De ce bref survol, il convient de retenir que le développement, tel qu’on le mesure aujourd’hui est une affaire récente. L’Europe et l’Amérique se sont développées au cours d’une courte période qui ne dépasse pas cent quatre-vingt ans. Le processus du développement apparaît aussi comme un secret bien gardé. Au premier groupe de 24 pays ayant franchi la barrière de 1 200 $ de PIB/h en 1900, n’a pu s’ajouter, en 2000, qu’une poignée de 6 pays dont le PIB/h a dépassé la barrière de 14 000 $, alors que l’ex-URSS restait à la traîne.
Le Président Wade a sans doute tranché un peu vite, mais il a le mérite de relancer le débat sur les modèles américain et européen, débat qui fait rage depuis la chute du mur de Berlin. Ainsi ont été comparés, les systèmes productifs, les systèmes d’innovation, les modes de gouvernance, les cultures managériales et les modes de résolution des conflits, y compris les conflits de valeur. Les différences - entre le modèle rhénan (européen), orienté réseau et le modèle américain, orienté marché - sont exacerbées avant d’être relativisées. A la suite des événements tragiques du 11/11 et du changement de paradigme stratégique avec la notion de guerre préventive, la « vieille Europe » et la « nouvelle Amérique » ont pu être présenté, l’une comme repoussoir et l’autre, comme modèle. C’est sans doute dans ce courant que le Président Wade s’inscrit. L’analyse de ces deux régions montre cependant un niveau extraordinaire d’interdépendance stratégique du fait de l’intensité des relations économiques, commerciales et technologiques. En outre, rien ne permet d’affirmer que le déclin de l’Europe et la suprématie américaine sont des processus irréversibles.
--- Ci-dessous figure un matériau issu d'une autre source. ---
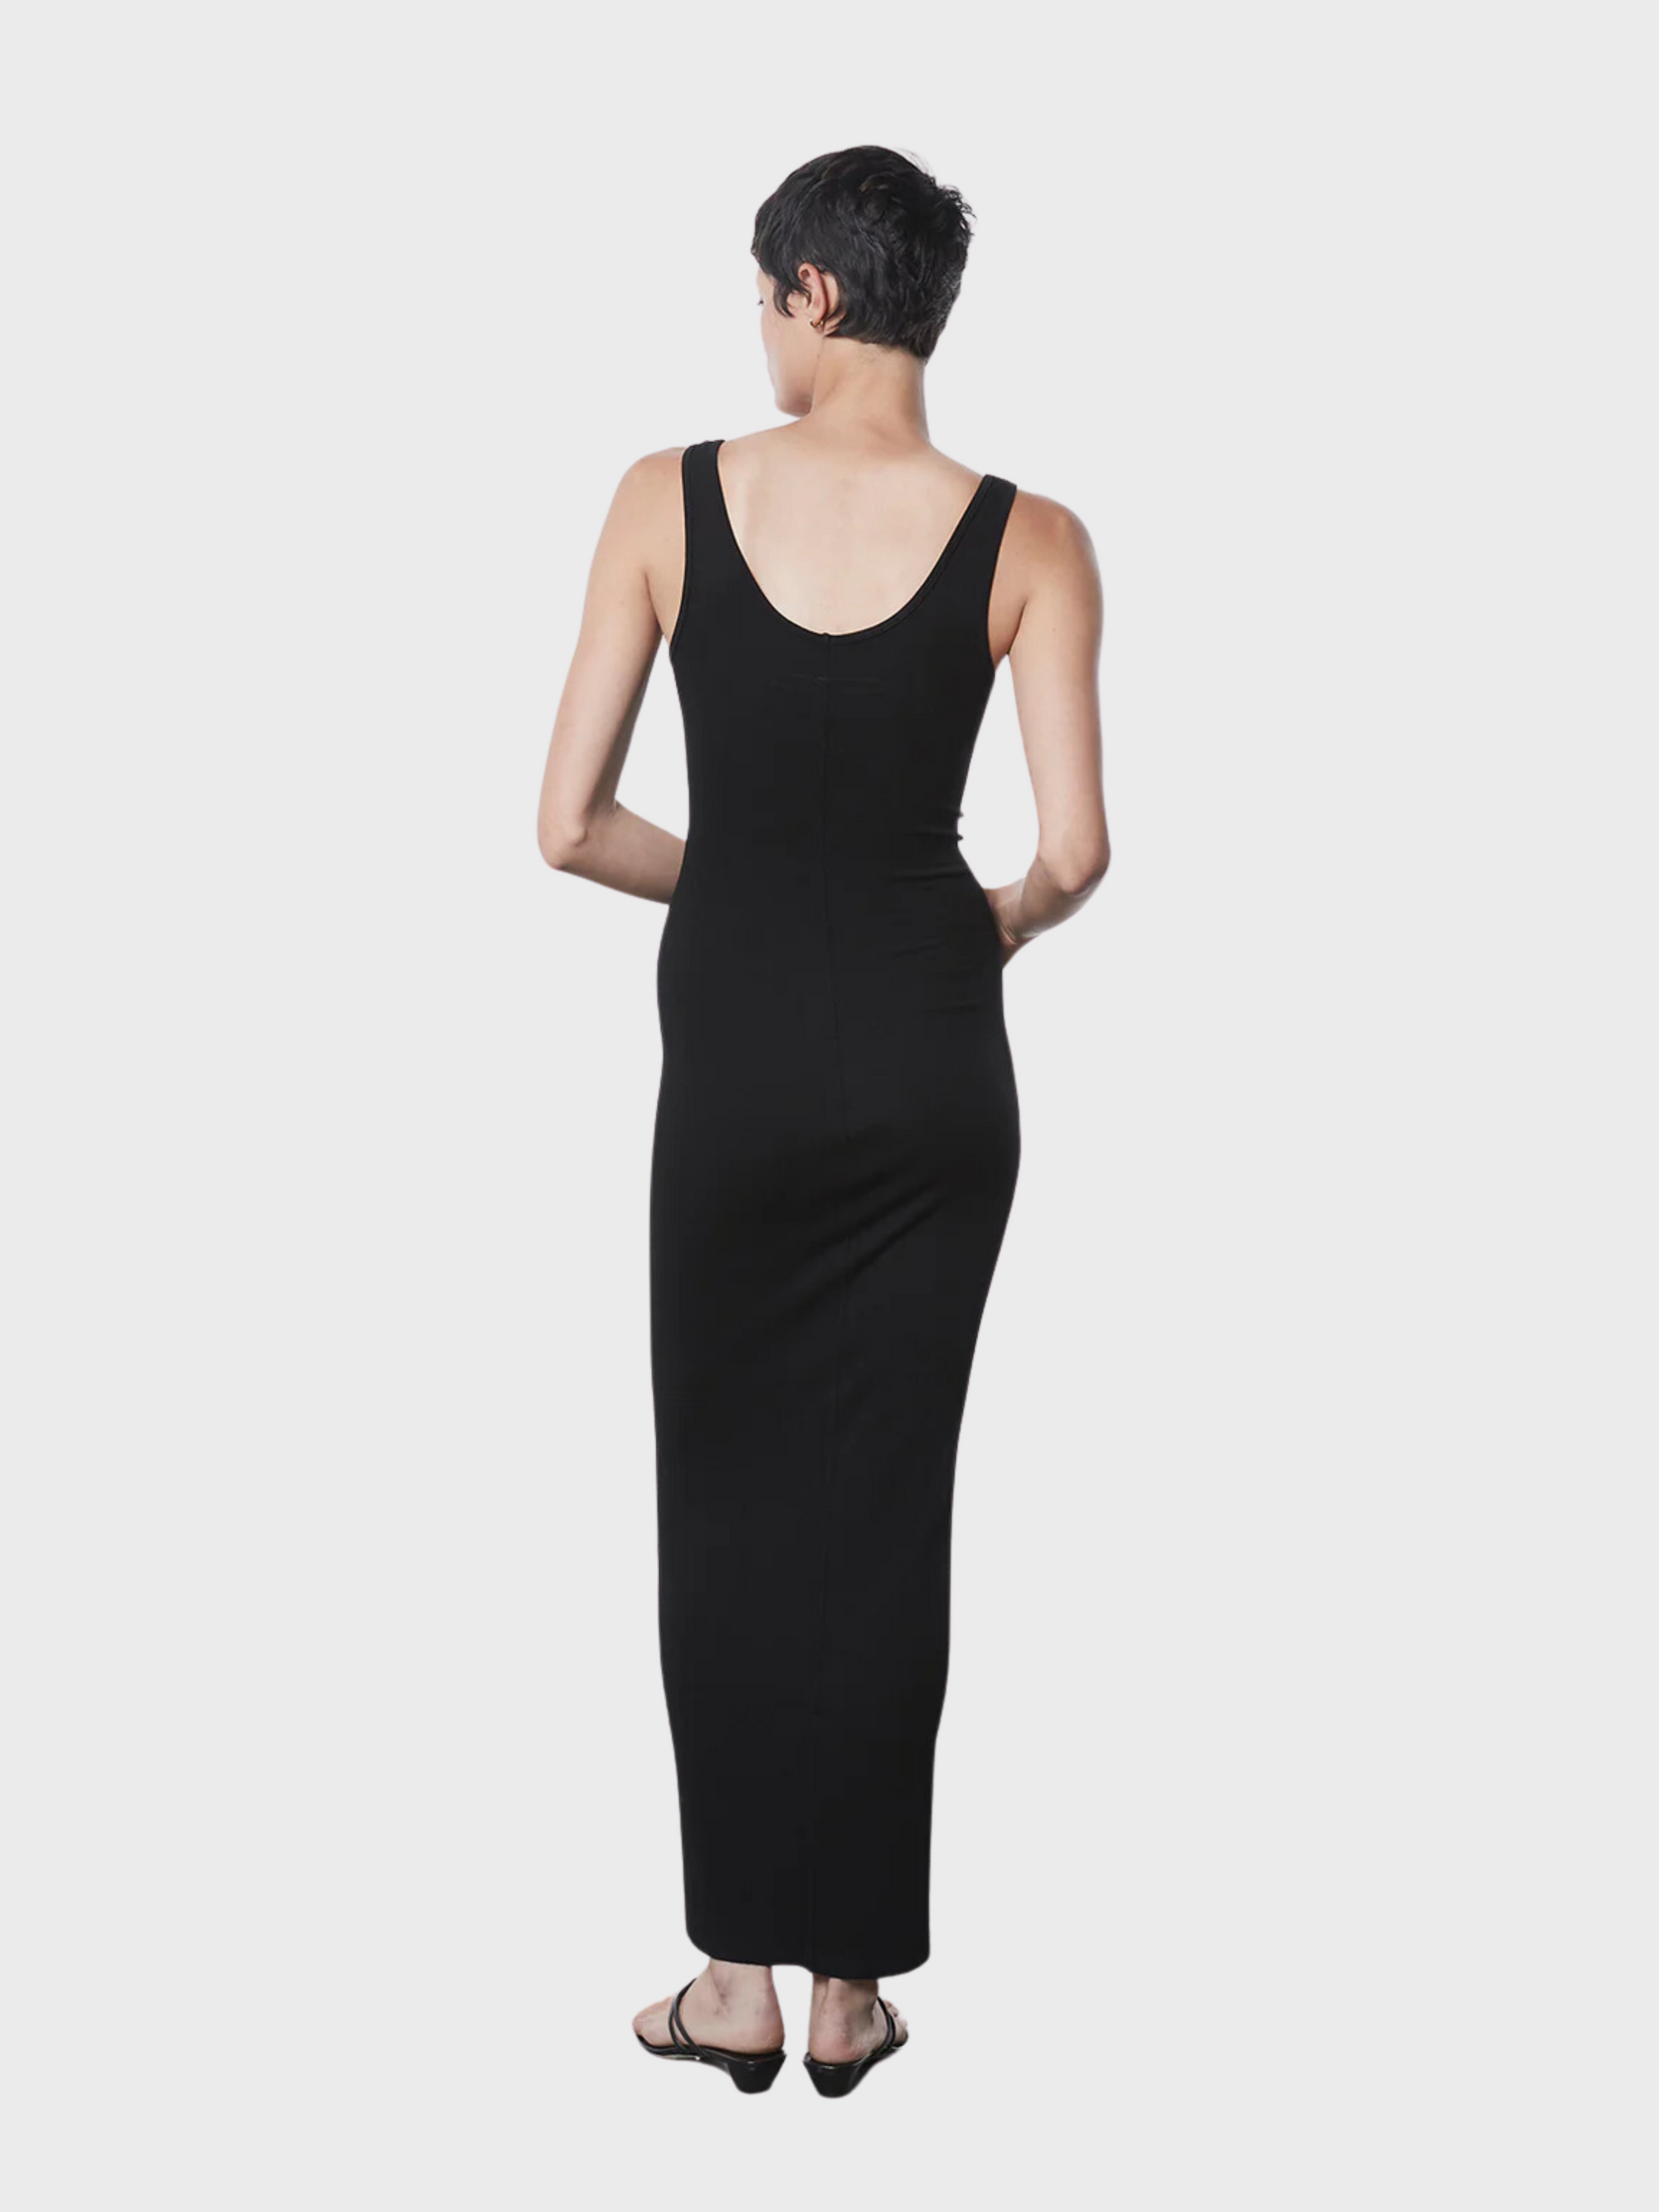 Enza Costa Stretch Silk Knit Maxi Tank Dress Black-Dresses-West of Woodward Boutique-Vancouver-Canada

Dans la mesure où il n’y a ni opposition entre ces deux modèles, ni processus de développement codifié et généralisable, l’apprentissage par imitation pour les pays africains reste problématique et les résultats sont d’autant plus incertains que les écarts sont importants. Dès lors, le dernier mot revient à l’auteur de « De la démocratie en Amérique », Alexis de Tocqueville : « Où pourrions-nous trouver ailleurs de plus grandes espérances et de plus grandes leçons ? Ne tournons pas nos regards vers l’Amérique pour copier servilement les institutions qu’elle s’est données, mais pour mieux comprendre celles qui nous conviennent, moins pour y puiser des exemples que des enseignements, pour lui emprunter les principes plutôt que les détails de ses lois ».